[
https://issues.apache.org/jira/browse/IMPALA-11807?page=com.atlassian.jira.plugin.system.issuetabpanels:comment-tabpanel&focusedCommentId=17651409#comment-17651409
]
ASF subversion and git services commented on IMPALA-11807:
----------------------------------------------------------
Commit 4a05eaf988f3a613ff86b934dd077c80070b4ca0 in impala's branch
refs/heads/master from noemi
[ https://gitbox.apache.org/repos/asf?p=impala.git;h=4a05eaf98 ]
IMPALA-11807: Fix TestIcebergTable.test_avro_file_format and
test_mixed_file_format
Iceberg hardcodes URIs in metadata files. If the table was written
in a certain storage location and then moved to another file system,
the hardcoded URIs will still point to the old location instead of
the current one. Therefore Impala will be unable to read the table.
TestIcebergTable.test_avro_file_format and test_mixed_file_format
use Hive from Impala to write tables. If the tables are created in
a different file system than the one they will be read from, the tests
fail due to the invalid URIs.
Skipping these 2 tests if testing is not done on HDFS.

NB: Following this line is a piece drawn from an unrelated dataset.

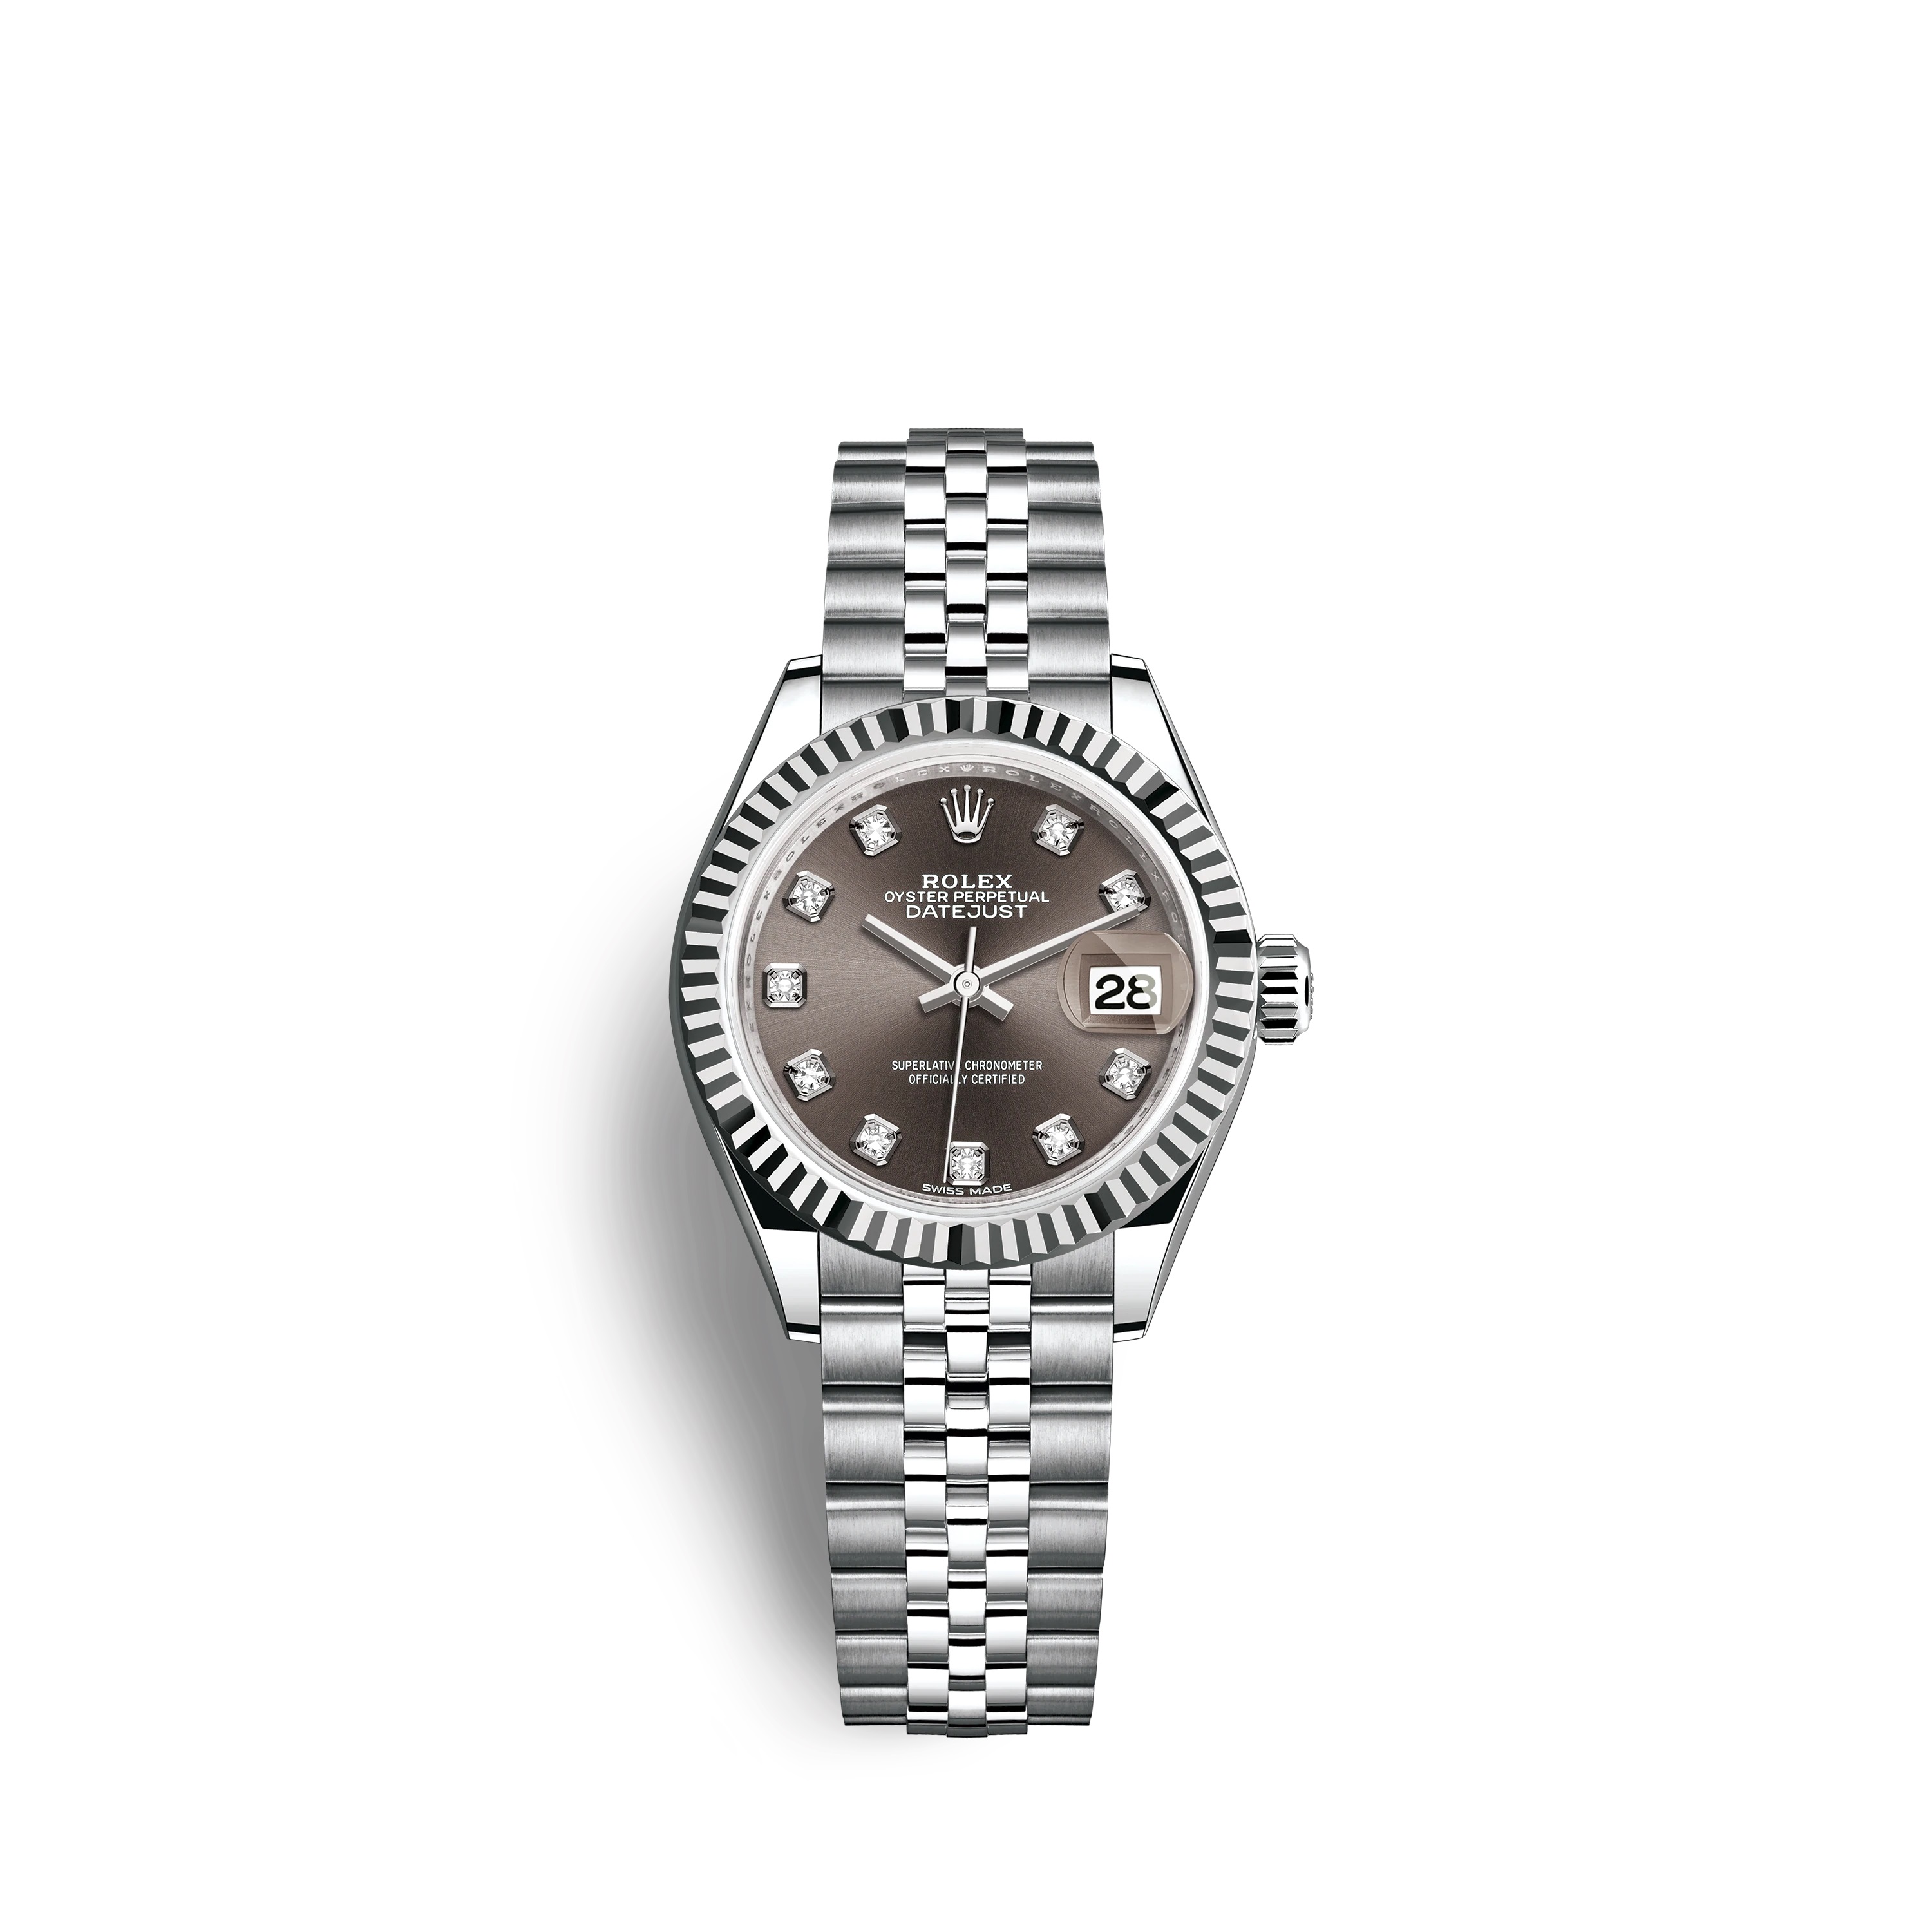 Lady-Datejust 28 279174 White Gold & Stainless Steel Watch (Dark Grey Set with Diamonds)

Updated the data load schema of the 2 test tables created by Hive and
set LOCATION to the same as in the previous test tables. If this
makes it possible to rewrite the URIs in the metadata and makes the
tables accessible from another file system as well later, then the
tests can be enabled again.
Testing:
- Testing locally on HDFS minicluster
- Triggered an Ozone build to verify that it is skipped on a different
file system
Change-Id: Ie2f126de80c6e7f825d02f6814fcf69ae320a781
Reviewed-on: http://gerrit.cloudera.org:8080/19387
Reviewed-by: Impala Public Jenkins <[email protected]>
Tested-by: Impala Public Jenkins <[email protected]>
> TestIcebergTable.test_avro_file_format and
> TestIcebergTable.test_mixed_file_format failed
> -----------------------------------------------------------------------------------------
>
> Key: IMPALA-11807
> URL: https://issues.apache.org/jira/browse/IMPALA-11807
> Project: IMPALA
> Issue Type: Bug
> Components: Backend, Frontend
> Affects Versions: Impala 4.3.0
> Reporter: Wenzhe Zhou
> Assignee: Noemi Pap-Takacs
> Priority: Major
>
> TestIcebergTable.test_avro_file_format failed after merging patch
> IMPALA-11708 (Add support for mixed Iceberg tables with AVRO file format).
> {code:java}
> *Error Message*
> query_test/test_iceberg.py:906: in test_avro_file_format
> self.run_test_case('QueryTest/iceberg-avro', vector, unique_database)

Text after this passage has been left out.